→ **GIVEN MATERIAL**
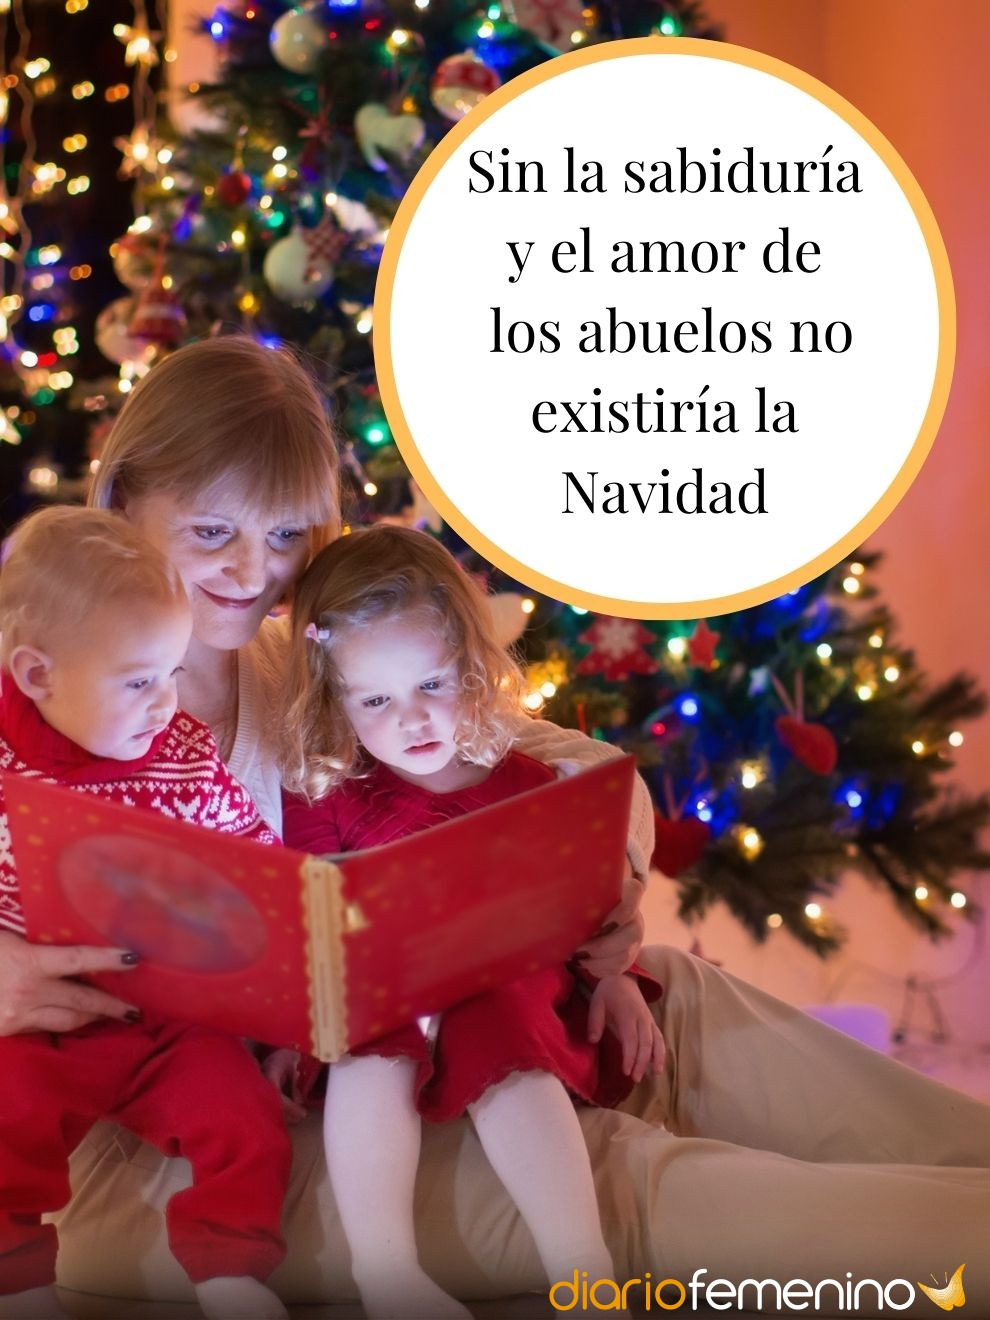 La sabiduría y el amor de los abuelos, lo mejor de la Navidad
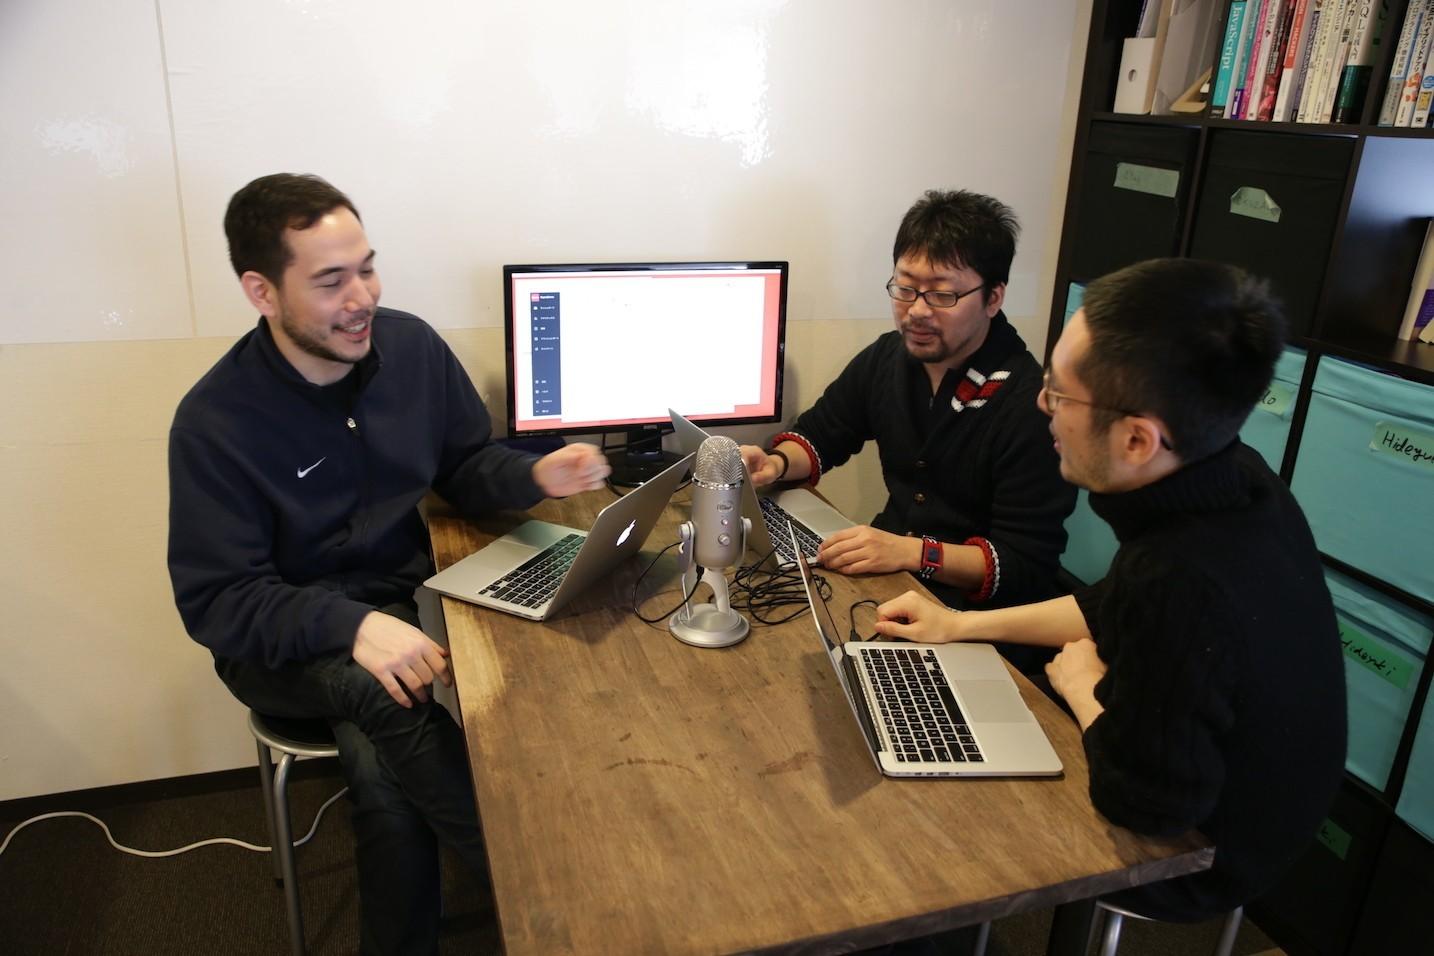 世界46ヶ国で導入・大規模データを扱うグロースハックツール「Repro」を開発するフロントエンジニアを募集!
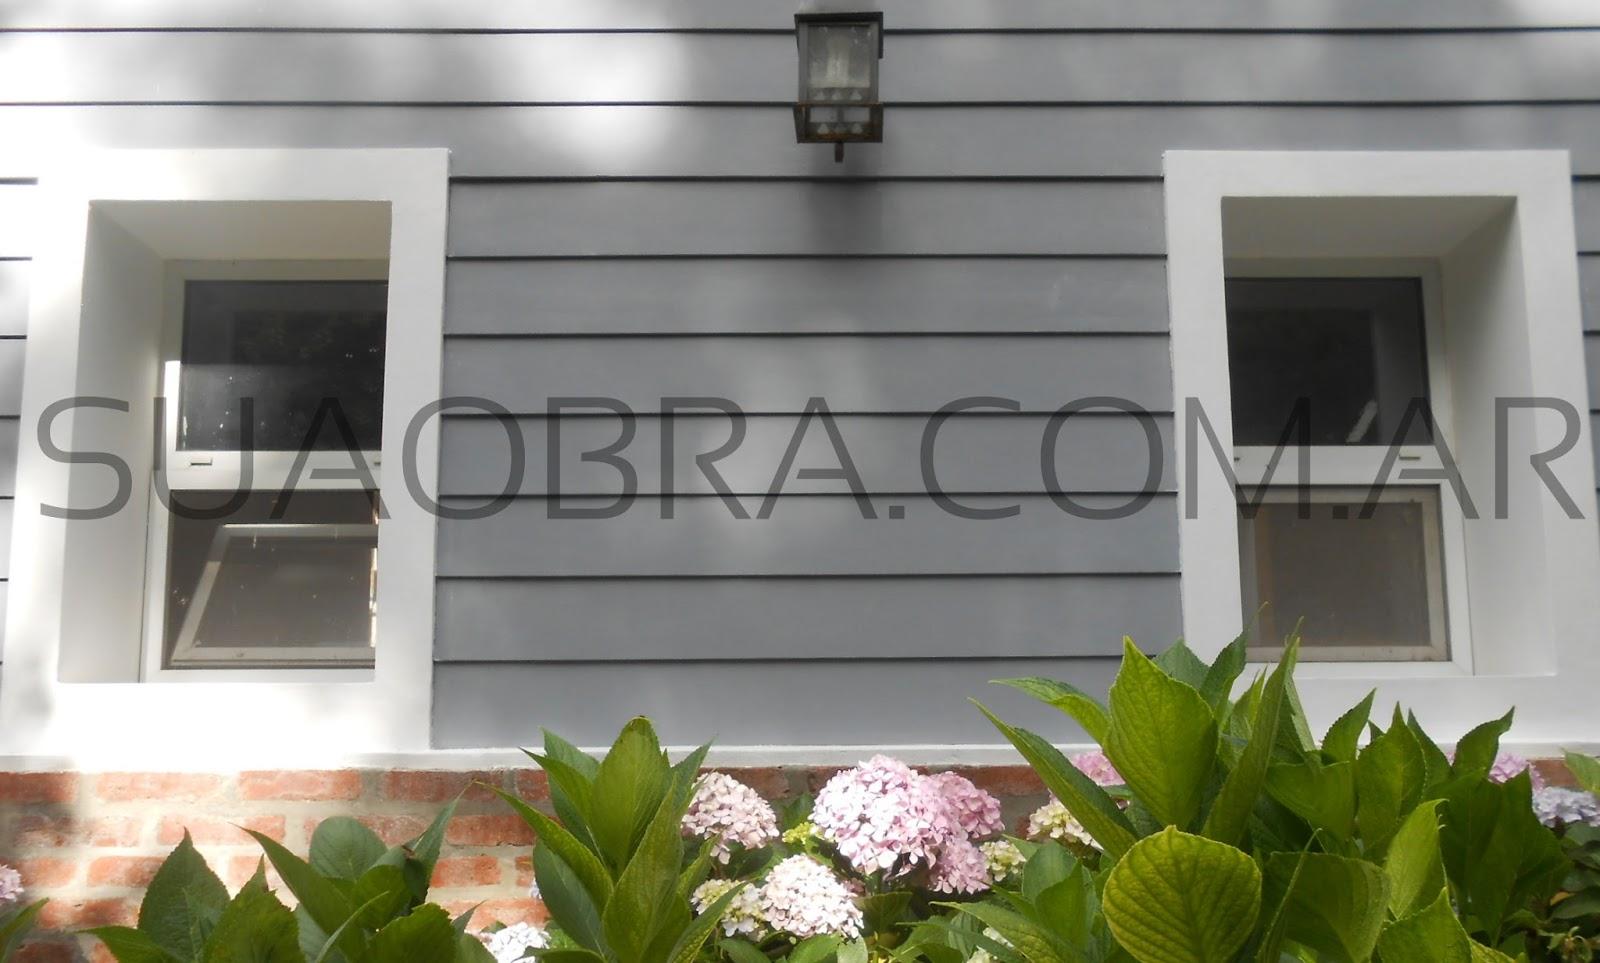 Colocacion profesional tarquini suaobra com ar for Pintura para exteriores

→ **EXERCISE PROMPT**
Transcribe the data verbatim. No picture belongs in the result.

→ **RESPONSE BELOW**
 La sabiduría y el amor de los abuelos, lo mejor de la Navidad
 世界46ヶ国で導入・大規模データを扱うグロースハックツール「Repro」を開発するフロントエンジニアを募集!
 Colocacion profesional tarquini suaobra com ar for Pintura para exteriores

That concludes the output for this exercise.